Top of Collected data

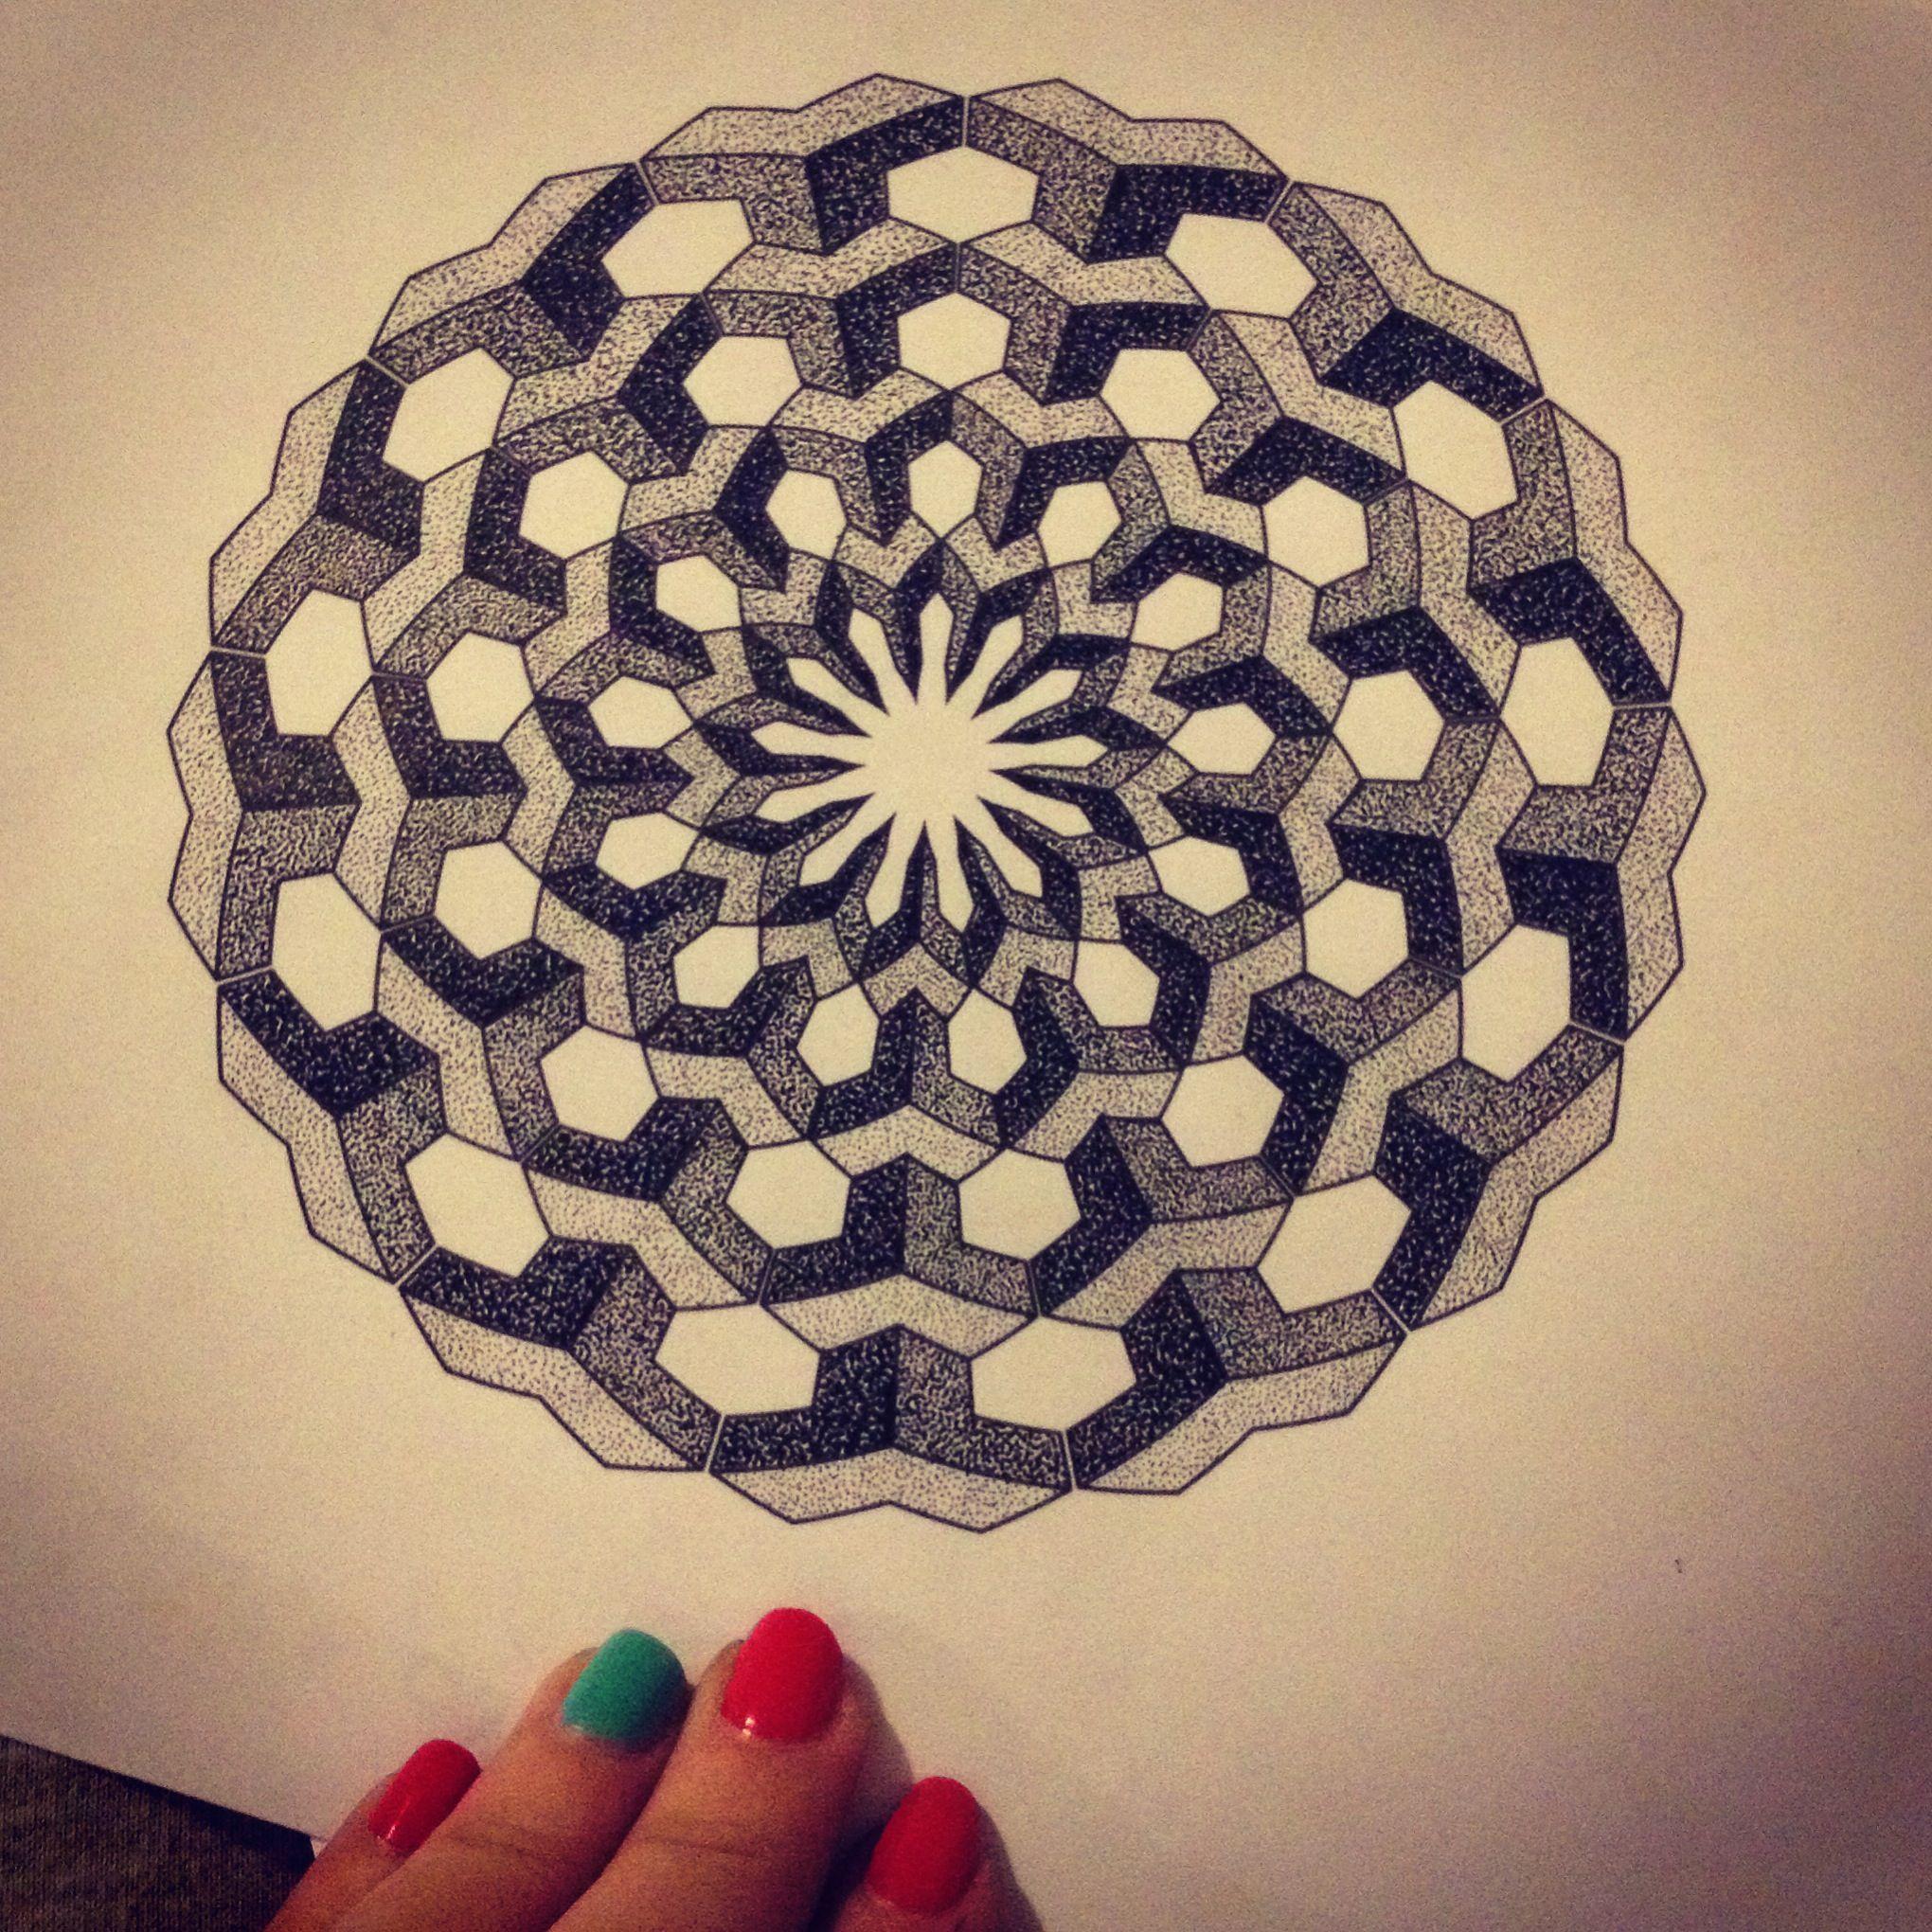 geometric dotwork mandala design by natasha papadakos tattoos pinterest natasha o 39 keeffe. Black Bedroom Furniture Sets. Home Design Ideas
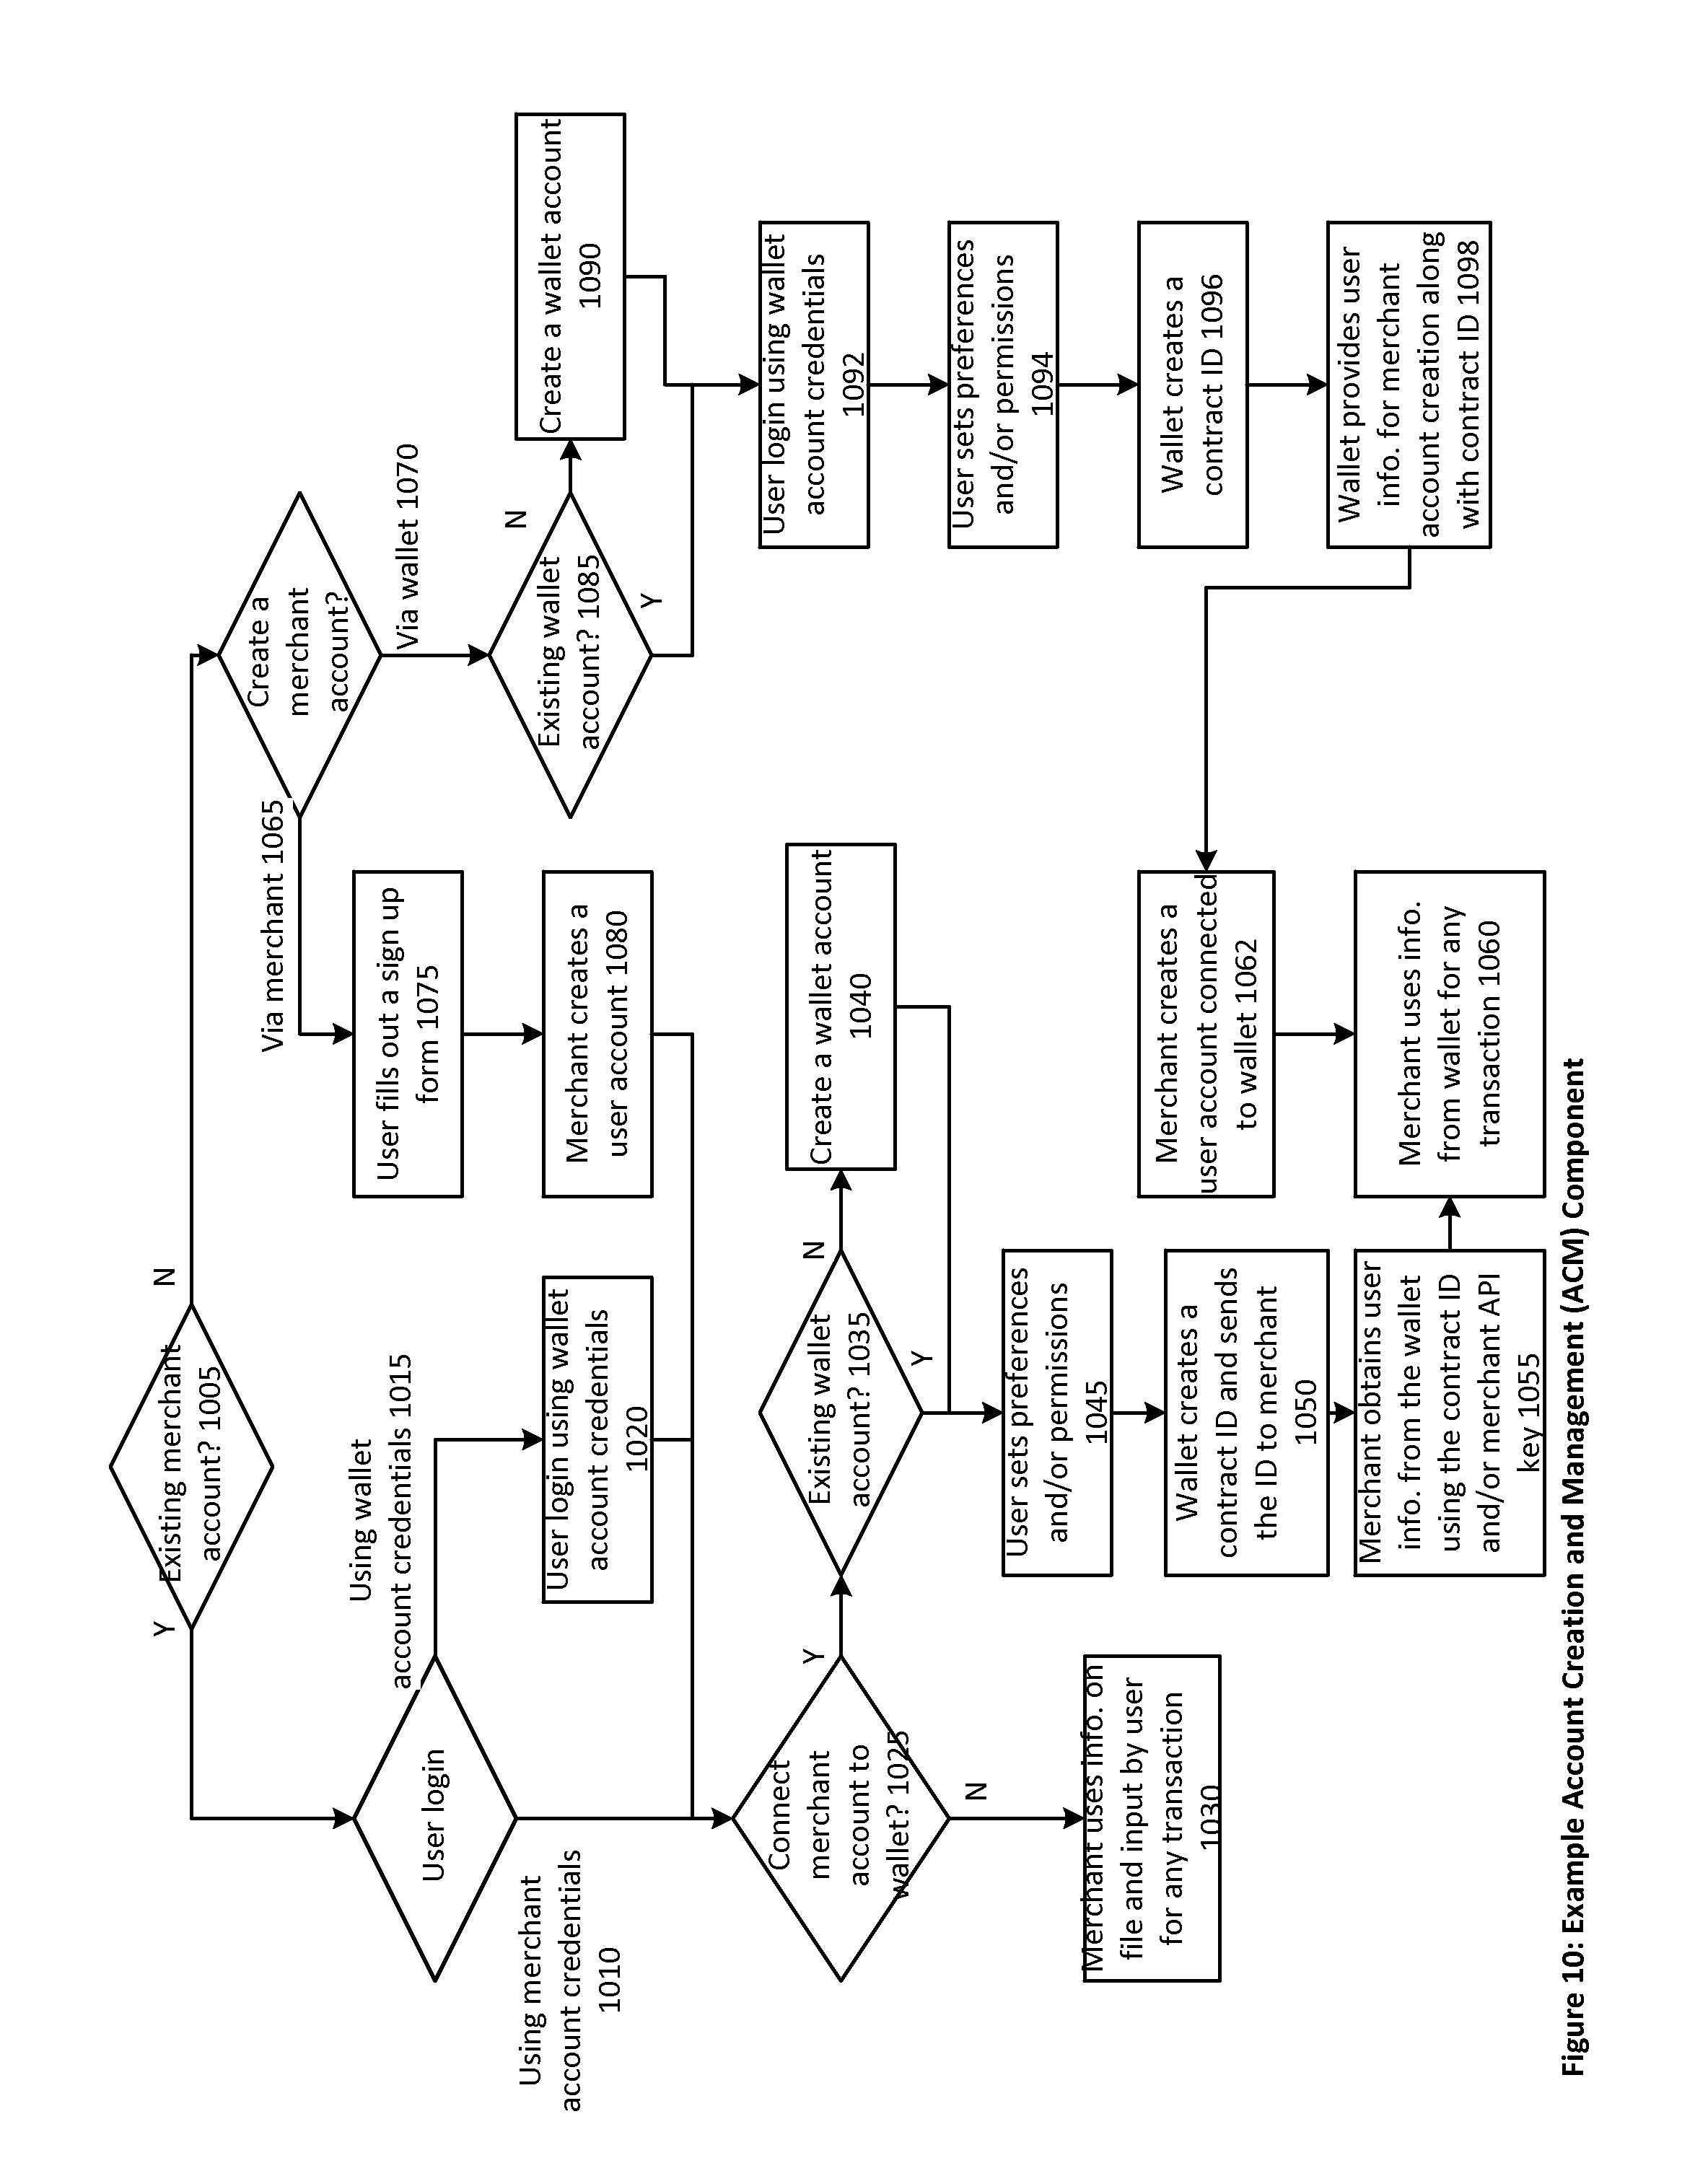 Patent US 9,959,531 B2
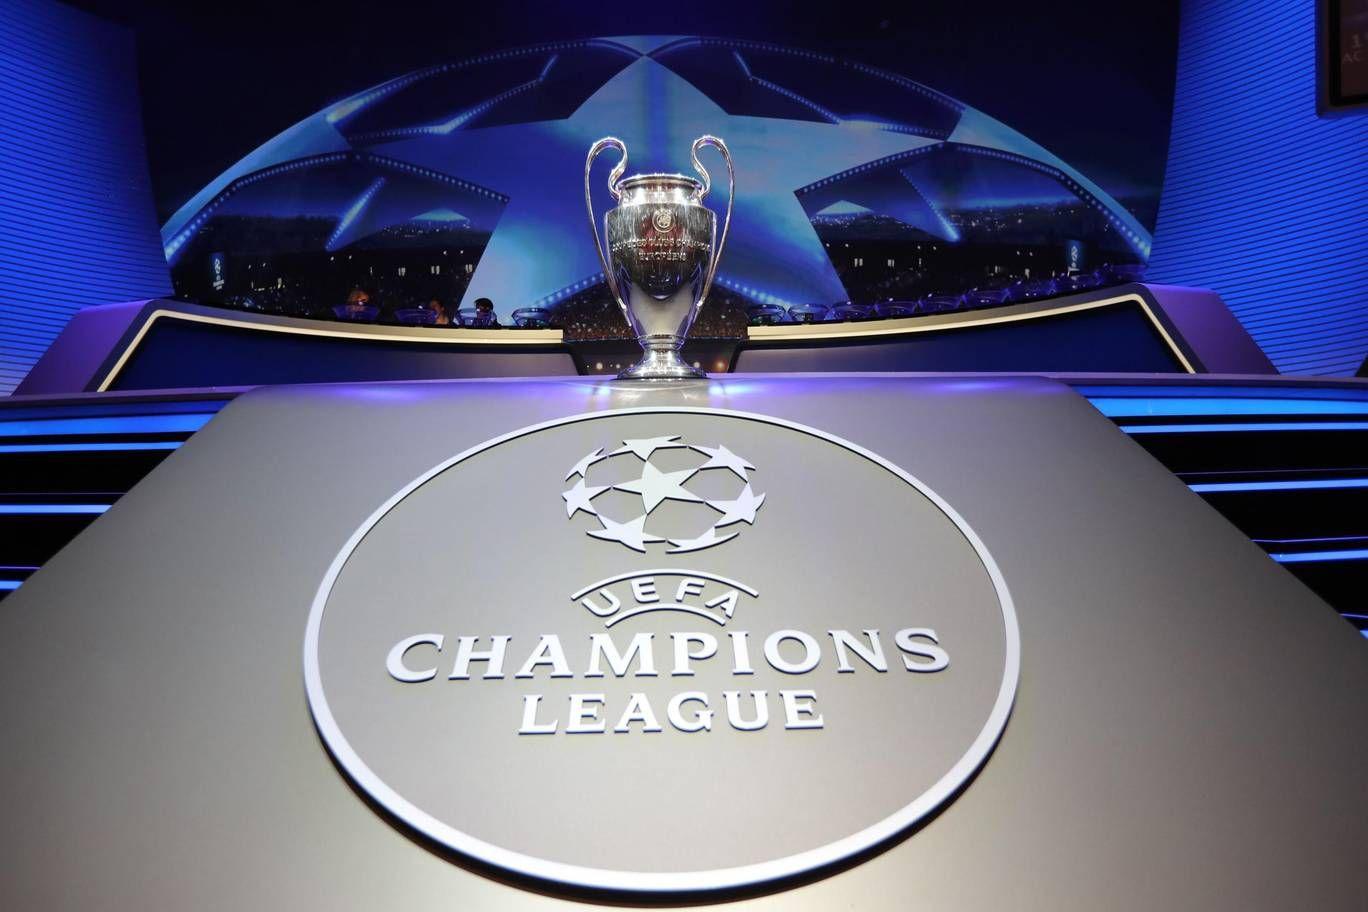 Manchester United Vs Psg Us Tv Channel

Bottom of Collected data

Work order
Every line of the listing above is to be set down verbatim, without the pictures.

Solution for this exercise
 geometric dotwork mandala design by natasha papadakos tattoos pinterest natasha o 39 keeffe. Black Bedroom Furniture Sets. Home Design Ideas
 Patent US 9,959,531 B2
 Manchester United Vs Psg Us Tv Channel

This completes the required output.